Climate Change

Understanding the Demise and Recovery of Coral Reefs

Kishimoto, M., Baird, A. H., Maruyama, S., Minagawa, J., & Takahashi, S. (2020).“Loss of symbiont infectivity following thermal stress can be a factor limiting recovery from bleaching in cnidarians”.The ISME Journal, 1-4.

When it comes to finding food, corals have a couple of tricks up their tentacles. Like jellyfish, their scarier-looking relatives, corals have stinging cells to catch tiny organisms floating in the water column. But the majority of their food come from a much more peaceful interaction — a symbiotic relation with colorful single-celled algae called zooxanthellae. Corals provide a home near the surface where algae can do photosynthesis, while zooxanthellae provide food for corals. Every species that depend on corals reefs, including our own, relies on this partnership. They are the foundation of one of the most biodiverse ecosystems in the world. 

Climate change, however, is putting this partnership and corals reefs around the world in peril.
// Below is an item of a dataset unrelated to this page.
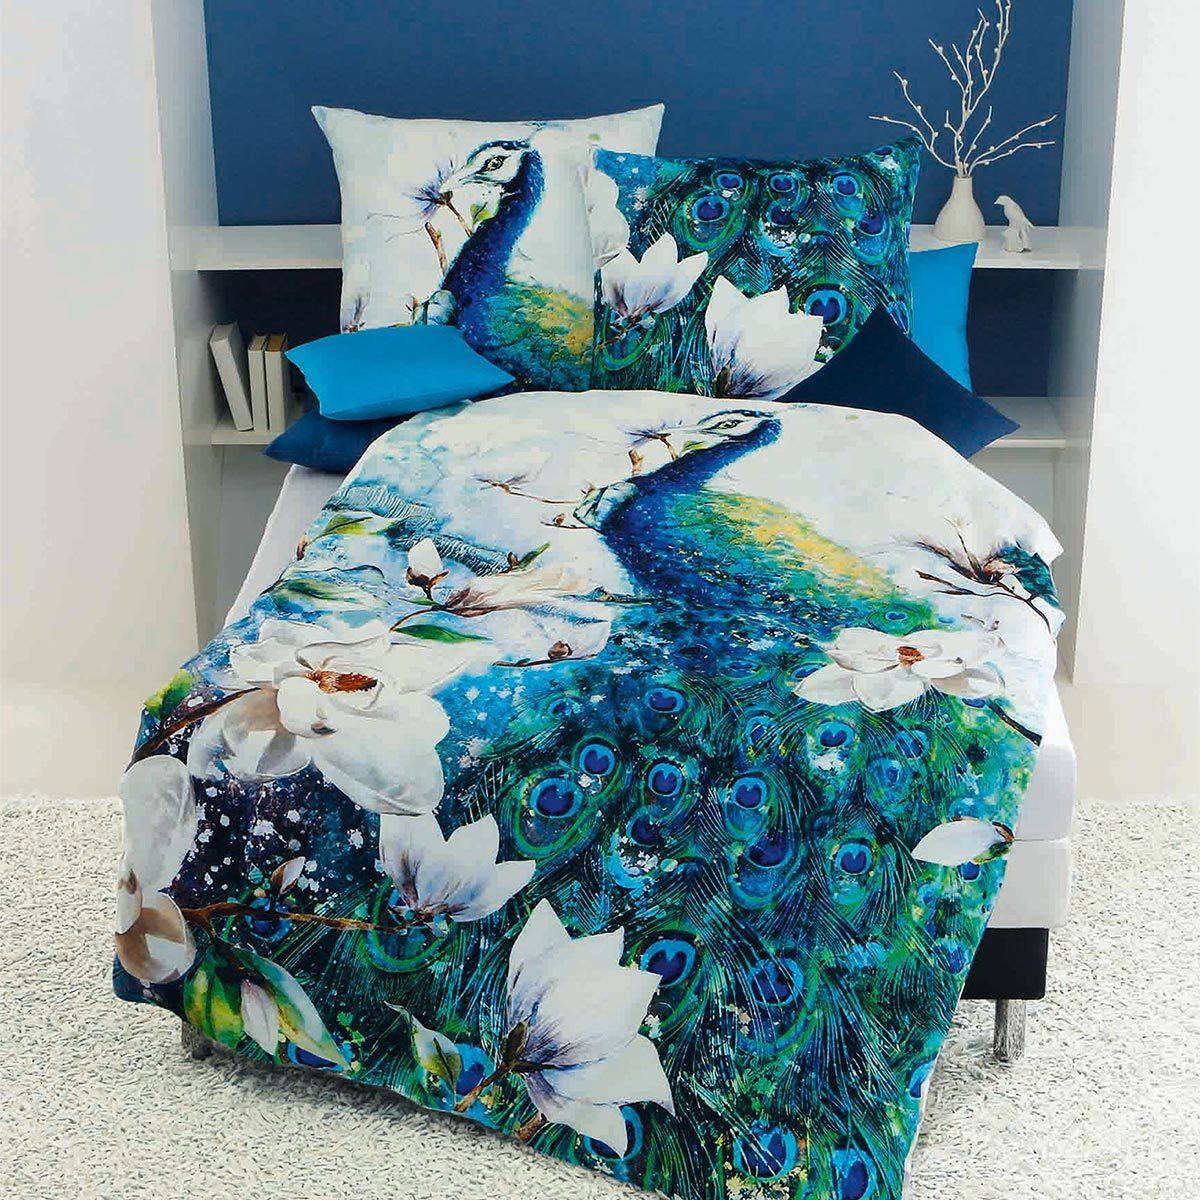 Kaeppel Mako Satin Bettwäsche Peacock Smaragd Günstig Online Kaufen

Corals expel their symbiotic algae from their tissues when ocean temperatures rise in an event called coral bleaching. As ocean temperatures continue to rise and heat waves intensify, coral bleaching events are becoming more common. According to the IUCN, the coral bleaching event of 2016 and 2017 killed roughly 50% of the corals found in the Greater Coral Reef in Australia. Corals can gain their symbiotic algae back once temperatures return to normal, but this rarely happens. As a consequence, most corals die of starvation.

Bleached coral reef (image credit: wikimedia commons)
Bleached coral reef (image credit: wikimedia commons)









Until recently scientists did not know why most corals failed to regain their symbiotic algae after a coral bleaching event. That was until August of 2020 when scientists at Tohuku University in Japan and James Cook University in Australia published their research findings, which suggests that algae, not corals, lose their ability to form a symbiotic relationship with corals after a bleaching event. 

In a laboratory setting, scientists mimicked normal and bleaching conditions by pre-exposing both single-celled algae and sea anemones, which are closely related to corals, to temperatures of 25° C and 32° C. Sea anemones pre-exposed to ocean temperatures of 32° C did not lose their ability to host single-celled algae. However, single-celled algae pre-exposed to ocean temperatures of 32°C lost their ability to form a symbiotic relationship with corals.

Fluorescent pictures of corals and symbiotic algae. In the left image, neither the host or symbiont were pre-exposed to high temperatures. In the image to the right, the symbionts were pre-exposed to high temperatures. (Image Credit: National Institute of National Sciences).

In addition, scientists found that single-celled algae can regain their ability to form a symbiotic relationship with sea anemones. However, this recovery is dependent on the number of days that the algae are pre-exposed to bleaching temperatures. Algae pre-exposed to ocean temperatures of 32° C for 2 days regained their ability to form a symbiotic relationship with sea anemones within 5 days. Meanwhile, algae pre-exposed to bleaching conditions for 3 days regained their symbiotic abilities gradually, but never fully recovered. In the wild, bleaching events last more than three days; they usually last one or several weeks. Therefore, the recovery of symbiotic algae takes too long and corals die of starvation.

Surprisingly, not all algae species lost their ability to form a symbiotic relationship with sea anemones. Breviolum psygmophilum, a different species of algae used in this study, did not lose their ability to partner with anemones when they were pre-exposed to bleaching conditions. Unless climate change is addressed, these heat resilient algae species may become the lone survivors in an ecosystem that usually harbors a great diversity of algae species.

In order to create a sustainable world for future generations, we must understand the demise and resilience of coral reefs. Coral reefs provide $375 billion each year in ecosystem services such as coastal protection, food security, jobs and medical innovations. The dramatic loss of coral reefs is threatening millions of peoples’ livelihoods around the world. Understanding the constraints that hinder coral reefs recovery is an important step in creating conservation plans and preparing for the future. 

One thought on “Understanding the Demise and Recovery of Coral Reefs

  1. Thanks for sharing, Pablo! I’m a coral reef ecologist teaching marine biology at a community college, but I missed this piece of news. I always tell my students we don’t know if the coral kicks out the algae or the algae leaves on its own. This doesn’t quite answer that, but close! I’m adding the original article and your blog post to my list of potential sources for our Current Research Project!